Решили, что безопаснее не трогать меня до прихода врачей. Все были очень напуганы и о чем-то переговаривались. Думаю, больше никогда меня не повезут в больницу с такой помпой. Санитары осторожно положили меня на носилки, и скорая помчалась прочь с полицейским эскортом.

Меня отвезли в Центр лечения раковых заболеваний имени Люсиль Марки Паркер в Лексингтоне (в этой крупной больнице лечили не только рак), и тут же встал вопрос о срочной операции. В больнице уже заранее была готова палата для королевы — на всякий случай. Таков порядок: куда бы королева ни отправлялась, в ближайшей больнице для нее всегда готова палата. Думаю, это был первый случай в истории, когда больной лакей спал в королевской постели. Мое пребывание в больнице сопровождалось той же секретностью, как если бы туда поместили саму королеву. На доске, где вывешивался список пациентов, моего имени не было. Вместо него там была изображена корона, ступня [15] и знак мужского пола. Все вместе должно было означать «лакей королевы».

Врачи сказали, что диск треснул и защемил седалищный нерв, поэтому я и не чувствовал ног.

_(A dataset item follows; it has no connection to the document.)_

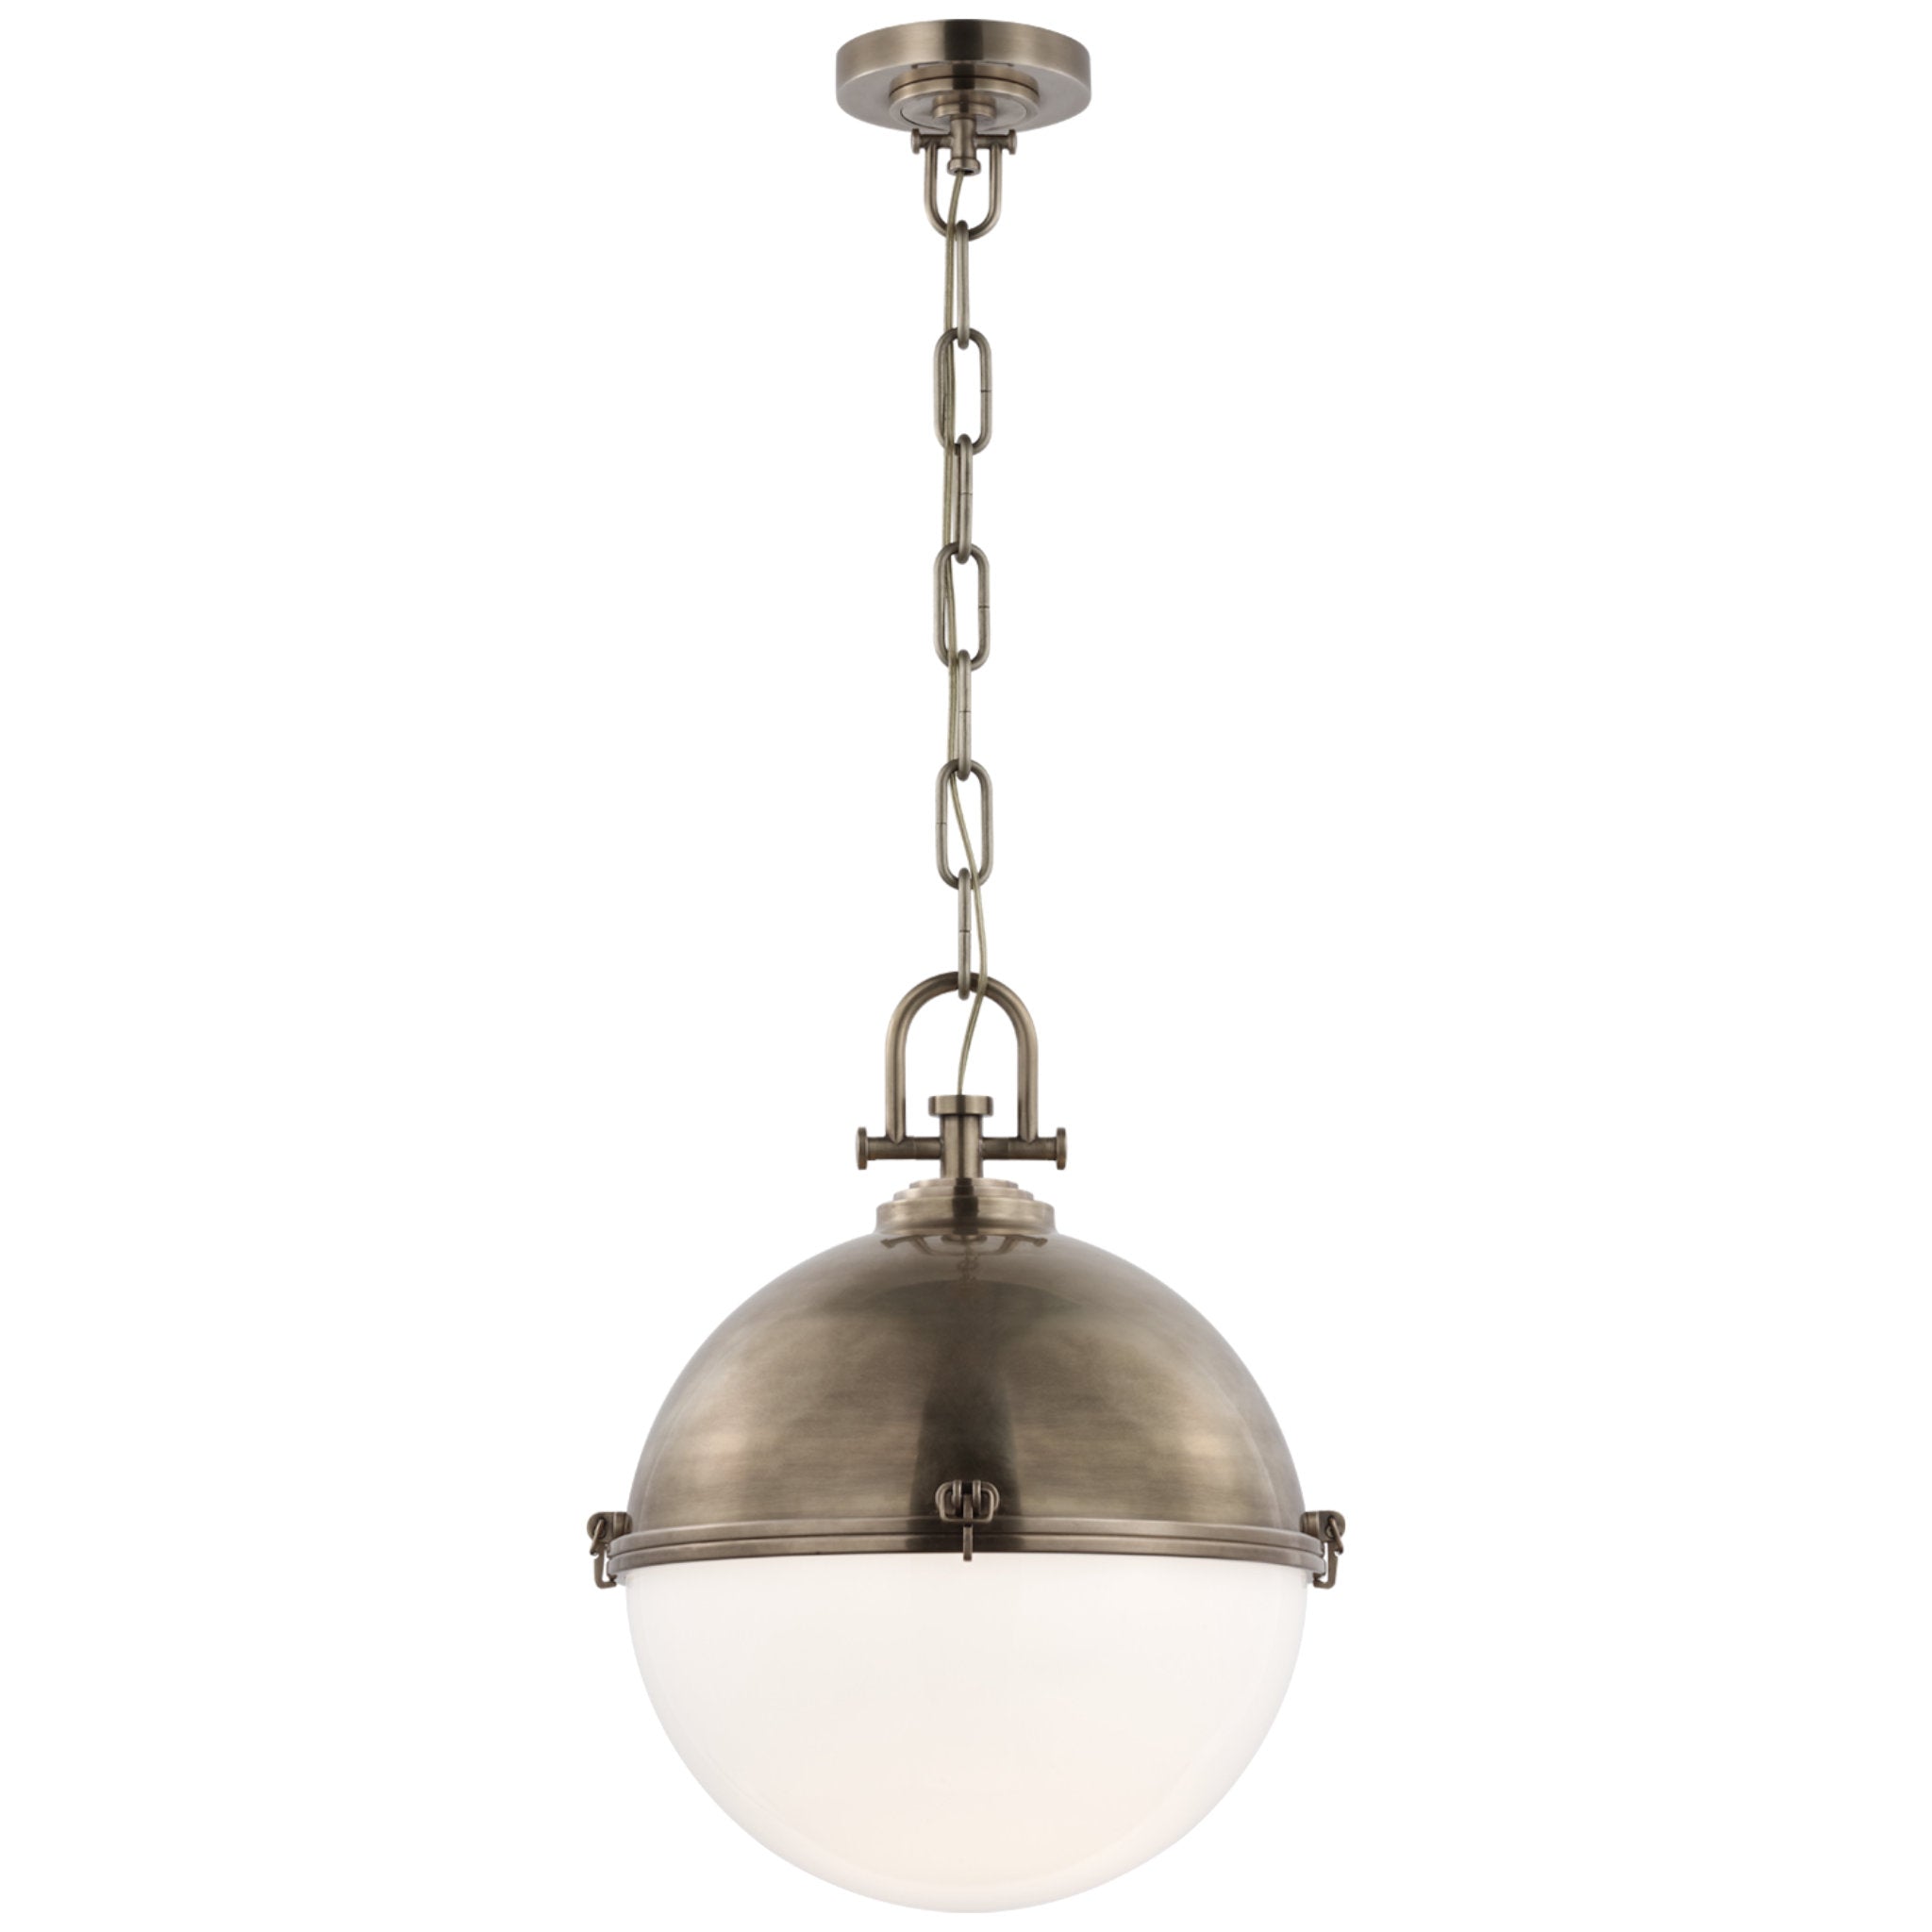 Chapman & Myers Adrian X-Large Globe Pendant in Antique Nickel with White Glass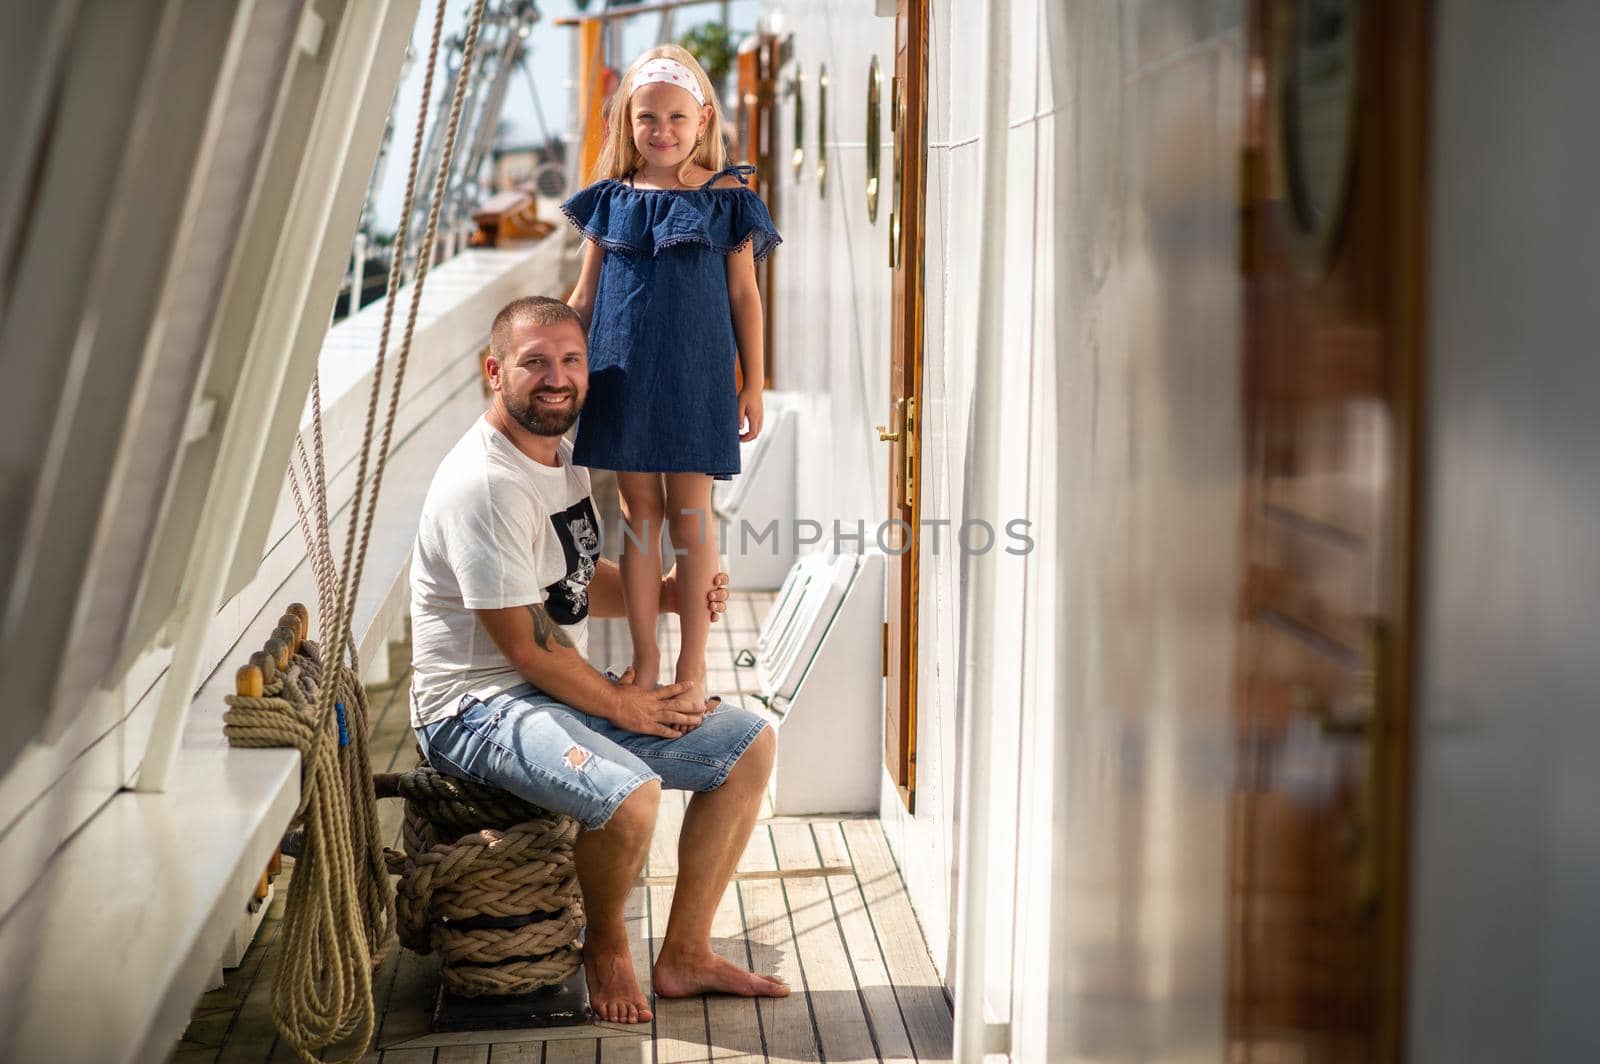 A little girl sits in the arms of a man on the deck of a large sailing ship in the city of Klaipeda, Lithuania

Я лежал на носилках и смотрел на лампы под потолком. Надо мной склонился лорд Порчестер (менеджер королевских скачек). «Королеве нелегко было принять такое решение…» — начал он, а затем объяснил, что рабочий график Ее Величества не позволяет ей ждать моего выздоровления, и она вынуждена вернуться во дворец. Они улетают, а я остаюсь. «Тобой будут заниматься лучшие врачи. Королева обо всем договорилась», — закончил он.

Позже врач сказал мне: «Диск треснул и защемил седалищный нерв. Этим и вызван временный паралич. Надо удалить треснувший диск и освободить нерв. Если не сделать этого немедленно, есть опасность, что вы никогда не сможете ходить».

В полночь было принято решение делать операцию. Когда я пришел в себя, то увидел над собой лицо медсестры Дорис Галлахер. Чувствовал я себя не очень хорошо, но она меня утешила: сказала, что операция прошла успешно, и вскоре я снова смогу ходить. «Вы полностью выздоровеете», — пообещала она.

Я медленно отходил от наркоза. Вся палата была уставлена цветами и фруктами, которые передали для меня гости королевы, которым я испортил ужин. Под потолком был прикреплен телевизор, и я с тоской смотрел прямую трансляцию взлета королевского самолета из аэропорта Лексингтона.

Через три дня я при помощи костылей уже ходил по палате, которая должна была стать моим домом на целых две недели. Мне захотелось узнать, кто мои соседи, и я доковылял до соседней палаты.

— Здравствуйте. Я Рон Райт, а это моя жена Джулия, — приветствовал меня жизнерадостный американец.

На кровати в окружении разных приборов и трубочек лежала девочка. Джулия кормила ее картофельным пюре с ложечки.

— Моргни, если хочешь еще, золотце, — говорила Джулия своей восьмилетней дочке Бесс.

За несколько дней до того, как я вошел к ним в палату, Бесс делали операцию: удаляли опухоль головного мозга. Я вдруг понял, что моя боль — это мелочи. Вот передо мной девочка, которая в свои восемь лет уже должна серьезно бороться за свою жизнь. Джулия закончила ее кормить.

— Бесс ни разу не слышала английского произношения. Может, поговорите с ней? — попросил меня Рон.

Следующие одиннадцать дней я приходил беседовать с Бесс. Джулия сказала, что, раз глаза у девочки открыты, значит, она слушает. Когда меня выписали, я зашел попрощаться с Бесс. Я переписывался с Роном Райтом, его братом Клодом и женой Клода Ширли, которая и читала мои письма Бесс. Через три с половиной года девочка умерла.